Without additional software(for linux users):

If you have SSH connection to hive01.haifa.ac.il you can use standard # scp command to move files from your computer to hive and from hive to your computer.

The below example assuming you running the commands from your linux localhost computer:

Copy the file "data.txt" from hive to the your local host

$ scp your_username@hive01.haifa.ac.il:data.txt /some/local/directory

Copy the file "data.txt" from your local host to hive

$ scp data.txt your_username@hive01.haifa.ac.il:/some/remote/directory

With software:

If you are a windows user or you just feel more comfortable with using any GUI clients to deliver files we recommend using FTP clients. You can download clients from here:

FileZilla - https://filezilla-project.org/ Comfortable client that you can use on on Windows/Mac OS/Linux.

WinSCP - http://winscp.net/eng/download.php Another popular ftp/sftp client for Windows OS.

Back to top

How do i use VPN connection?

If you do not have a VPN account, first you should get an account. Ask your system administrator or directly call to University tech support(number: 2609) and ask for receiving VPN connection in order to receive university IP address to work on Hive HPC from outside of the university.

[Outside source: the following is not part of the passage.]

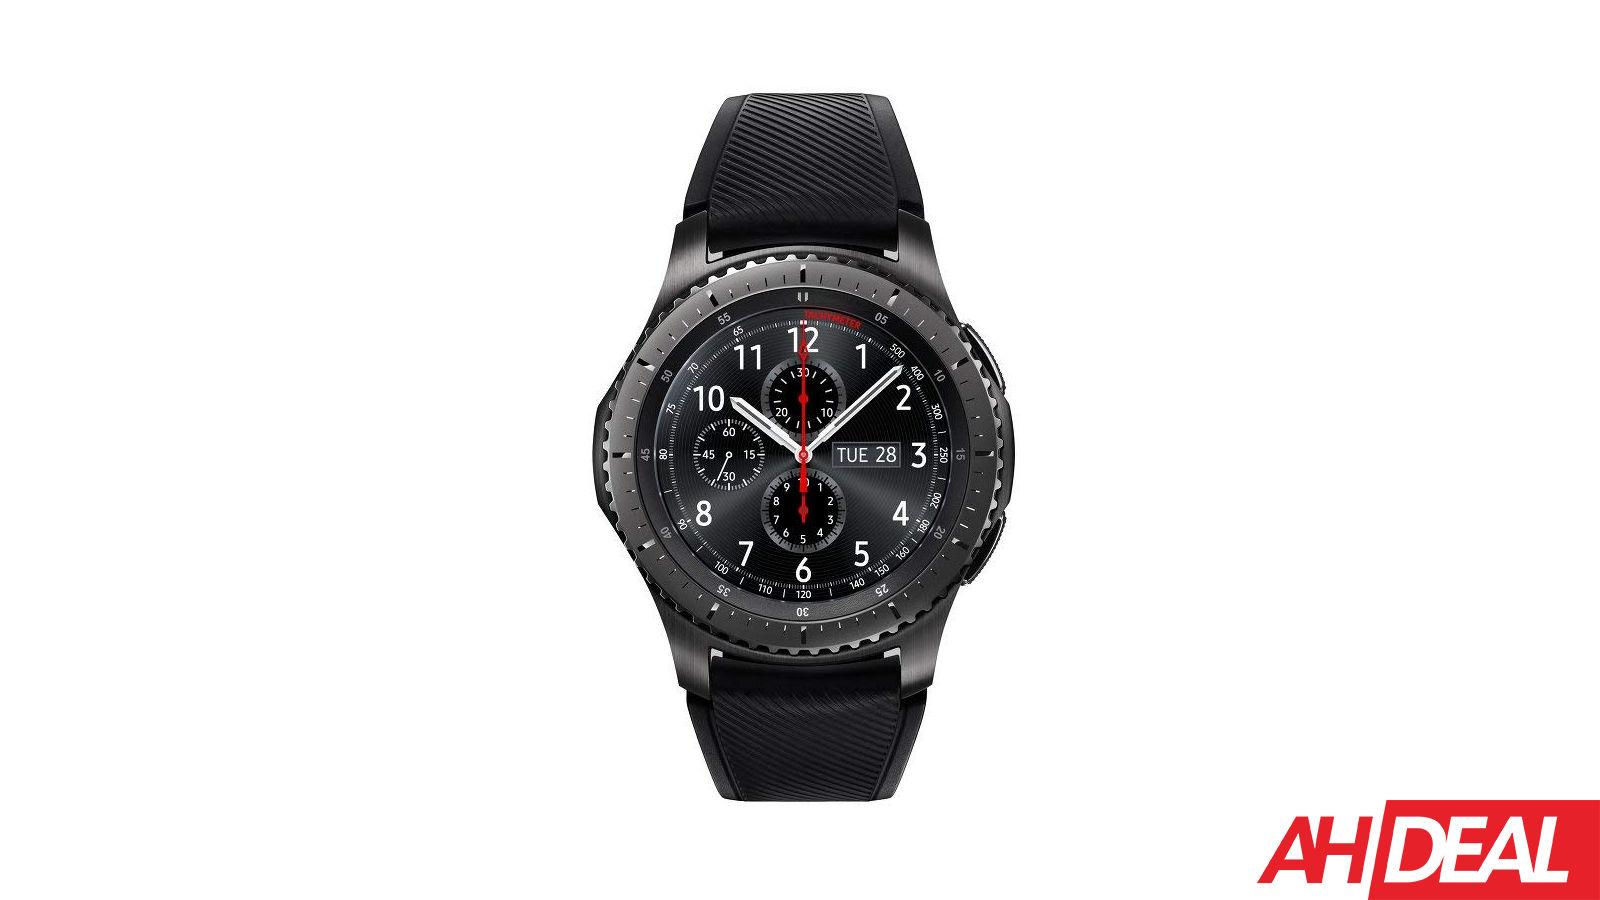 Samsung's Popular Gear S3 Frontier Smartwatch Has Dropped Below $200 – Amazon Deals

If you already have an account, then you have few ways to connect:

1. Go to ssl.haifa.ac.il or sslt.haifa.ac.il --> Enter you username and password and continue following the steps that web client will ask you in order to connect.

2. Download Junos Pulse client and connect from native client for your operating system(works on Iphone and Androids too!)

Back to top

How do i change my hive user password?

Simply use the standard # passwd command or if you forgot your password ask your system administrator for help.

Back to top

I am new user, i want to run a job, what partition should i use?

Welcome to Hive!

If you are a new user and trying to execute your first simple job to the queue then you should run your job on one of the partitions named: hive1d hive7d and hive31d . Those partitions contain only the public nodes and has no preemption(when job with higher priority kick your job to restart and taking your resources). You can be sure that your job will run until in will finish.

Please refer to the Slurm, Limitations and Hardware section on the website menu in order learn how it all works.

Back to top

How can i see what public software is installed?

The path of all installed software is /data/apps

Most of public software is installed as module, and you can check what modules are installed by command: # module avail

To see what public software module is already loaded for you user, use command: # module list

Some software doesn't need to be installed as a module so just list to the public storage path and see what is installed there.

Back to top

How do i load and unload modules?

First you would like to see a list of the modules that are currently available for use, to do that run the next command:

# module avail

To load and unload software installed as module on a public storage, simply use the commands:

# module load MODULENAME , # module unload MODULENAME

To see the list of already loaded modules on your environment run the next command:

# module list

Back to top

Where can I get some help on using the command line interface on the cluster?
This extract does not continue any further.